U.S. companies in China should focus on their medium- and long-term development rather than complain about the nation's so-called less-than-desirable business environment, an expert said, rebutting a report saying that U.S. companies in China are concerned that the country's business environment seems to lack regulatory fairness and transparency.

U.S. companies operating in China remain concerned that the country's policies and rules "unfairly favor local competitors" and lack transparency, and they also worry about State-driven company mergers, Reuters reported Wednesday, citing a survey released by the American Chamber of Commerce (AmCham).

"China has announced laws about encouraging foreign investment and State-owned enterprise (SOE) reform, but the implementation of laws takes time. This may have led to the U.S. companies' complaints," Chen Fengying, a research fellow at the China Institute of Contemporary International Relations, told the Global Times on Wednesday. She said that favorable policies for foreign companies will be implemented in the next three years.

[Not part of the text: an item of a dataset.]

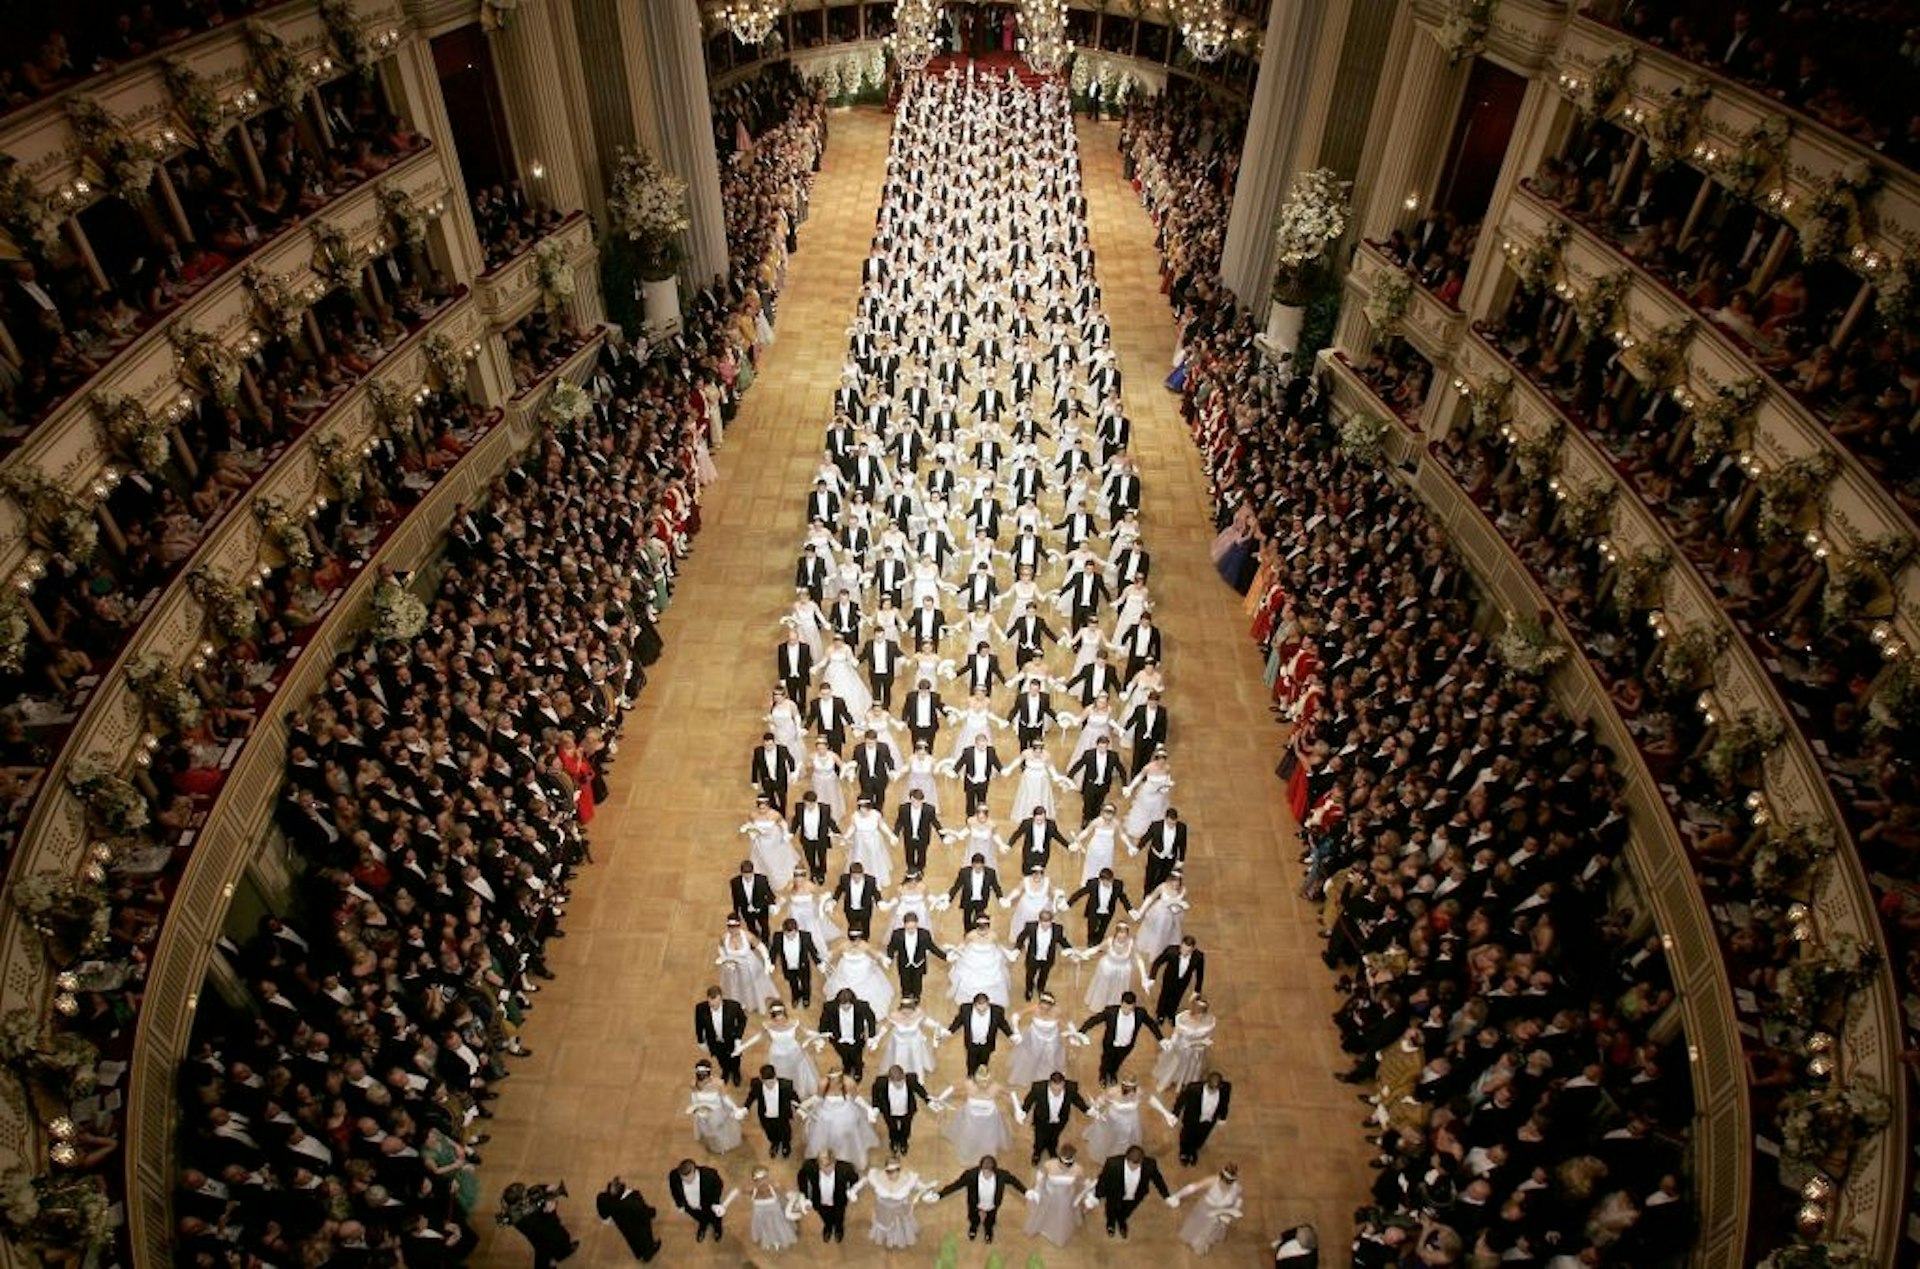 A top-down view of the Vienna Opera Ball, with men, dressed in black, and women, dressed in white, creating a crisscross pattern across the grand venue's large dancefloor.

China is seeking to introduce more foreign investment and improve the domestic business environment. In new guidelines for foreign investment, the Chinese authorities have opened up the services, manufacturing and mining sectors, trimming 30 restrictive measures on overseas capital.

Premier Li Keqiang also asked relevant departments on July 5 to issue more policies and regulations to forge a fair legal environment and treat locally registered foreign-backed firms the same as domestic ones.

Although U.S. companies may worry that SOE mergers may provide tougher competition, the move is an important part of China's market-oriented reform that aims to cut the number of SOEs and enhance the competitiveness of the remaining ones, Chen said.

"Foreign companies' concerns about State-driven company mergers indicate the growing competitiveness of SOEs in emerging markets including China," she said.

Despite complaints, most U.S. companies remain committed to their operations in China and plan to take advantage of the rising spending power of China's growing middle class, according to a report that the AmCham sent to the Global Times in January.

"In addition to growing core products, services, and customer segments, members say they will also prioritize organic growth by venturing into new markets, introducing new products, and targeting new customer segments," it said.

The report released on Wednesday by the AmCham showed that 73.5 percent of the 426 surveyed companies reported revenue growth in 2016, rising from 61 percent in 2015.